The next step was to achieve more robust global monitoring by setting the system and network points to be monitored, and making the adjustments needed to enable coordination/monitoring of system and network device logs from around the world (see Figure 5). In addition to Japan and Hitachi Europe, Hitachi America, Hitachi Asia, and Hitachi China were set as monitoring points.

Monitoring is done by using the MSS monitoring platform to aggregate and perform correlation analysis on the system and network device logs of the monitored bases. However, Europe’s General Data Protection Regulation (GDPR) prohibits the transfer of data containing personal information outside of the European Union so, for each base subject to similar laws or regulations, correlation analysis is performed only within the base. The use of the MSS monitoring platform to gather, analyze, and monitor logs has enabled earlier detection of cyber-attacks on the Hitachi Group and faster IR-based countermeasures and recovery.

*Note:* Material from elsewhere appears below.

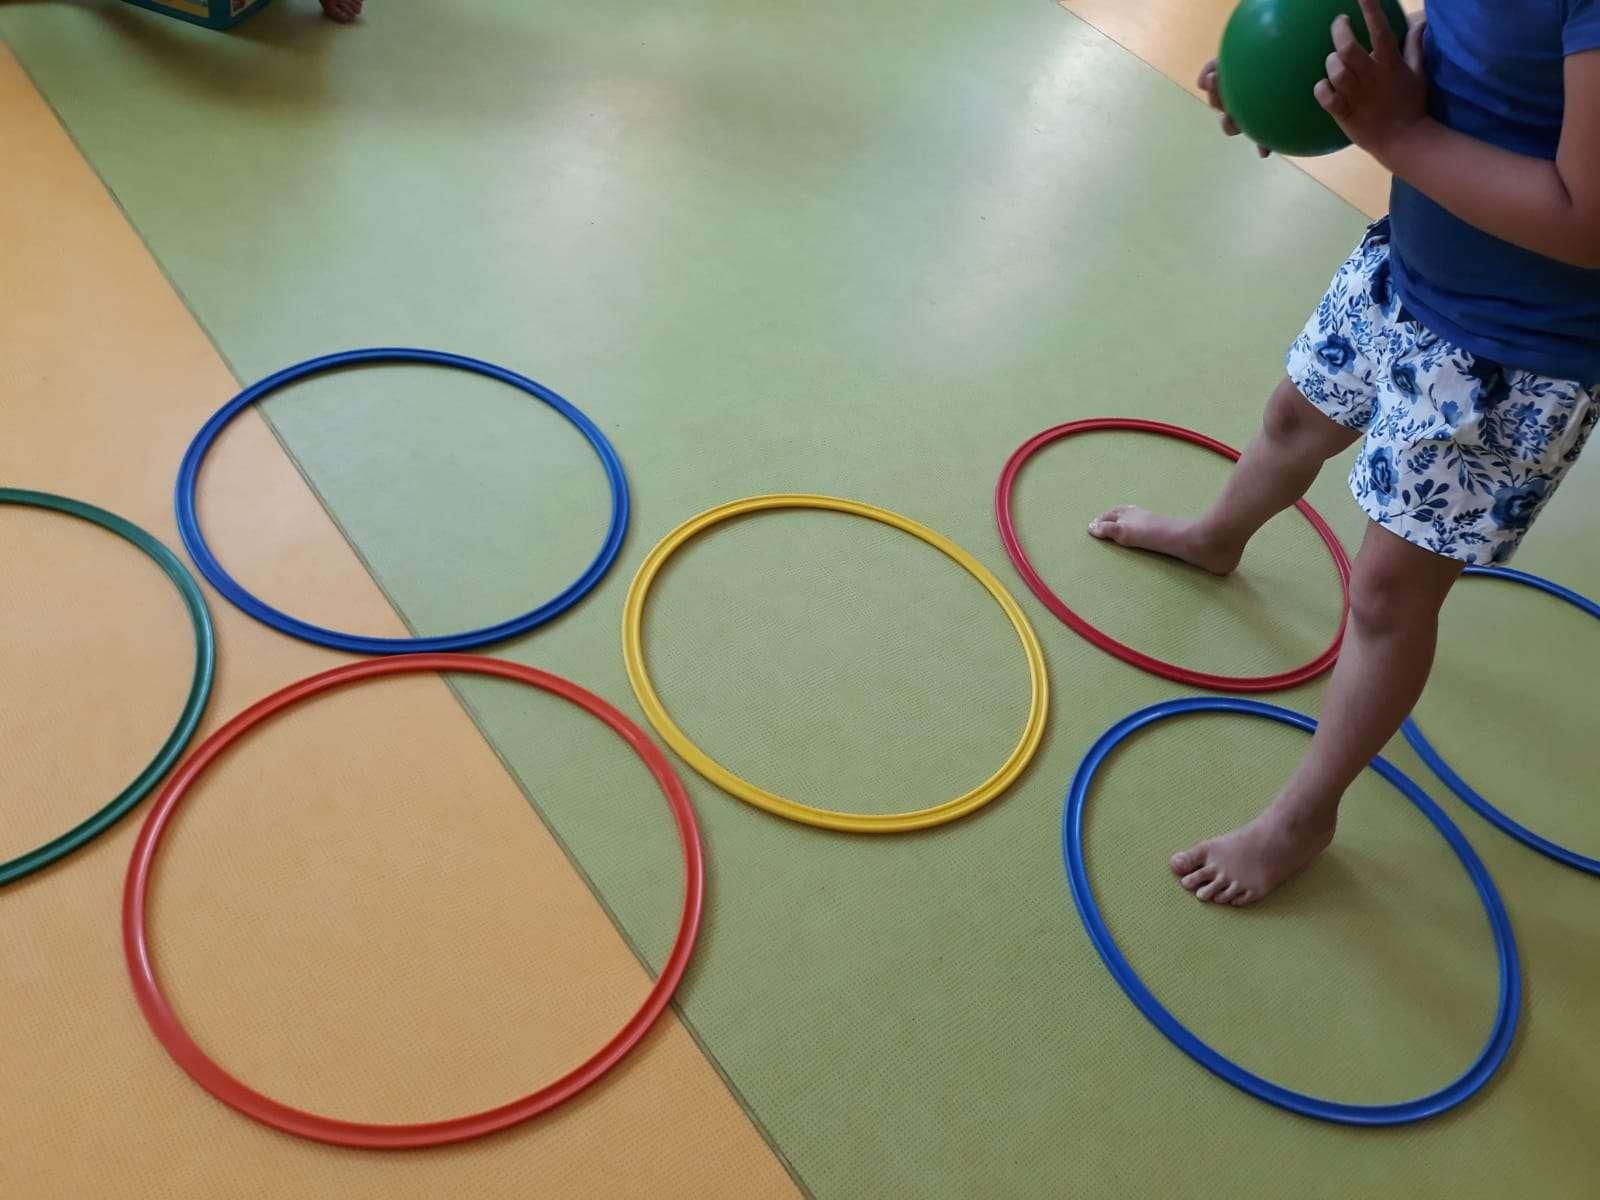 IMG 20190803 WA0034 - Scuola Materna Peschiera Borromeo

Hitachi will work on a number of issues in the future. The SOCs currently provide 24×7, 365-days-a-year monitoring, but the operation work done by IT managers and IT administrators varies from base to base, and some bases do not support 24×7, 365-days-a-year monitoring. Since time zone differences can create lags or discrepancies, Hitachi will work to minimize cyber-attack damage, ensuring rapid execution of everything from initial responses when incidents occur, to defensive countermeasures.

Figure 5—Creating More Robust Security Monitoring WorldwideThe Hitachi Group’s security monitoring is being made more robust throughout the world by monitoring in-house domestic/overseas networks 24×7, 365-days-a-year and responding to incidents.

6. Conclusions

Hitachi Group is learning from the lessons of the WannaCry cyber-attack it suffered by promoting more robust corporate preparedness and resilience. This work is now centered on the IT systems used for office automation. In the future, the scope of these efforts will be expanded to include IoT/operational technology (OT) systems and all other devices directly or indirectly connected to networks. The Group will continue to expand its security risk management activities encompassing all domestic and overseas equipment, including in-house equipment for product/service business areas and applications such as development and production.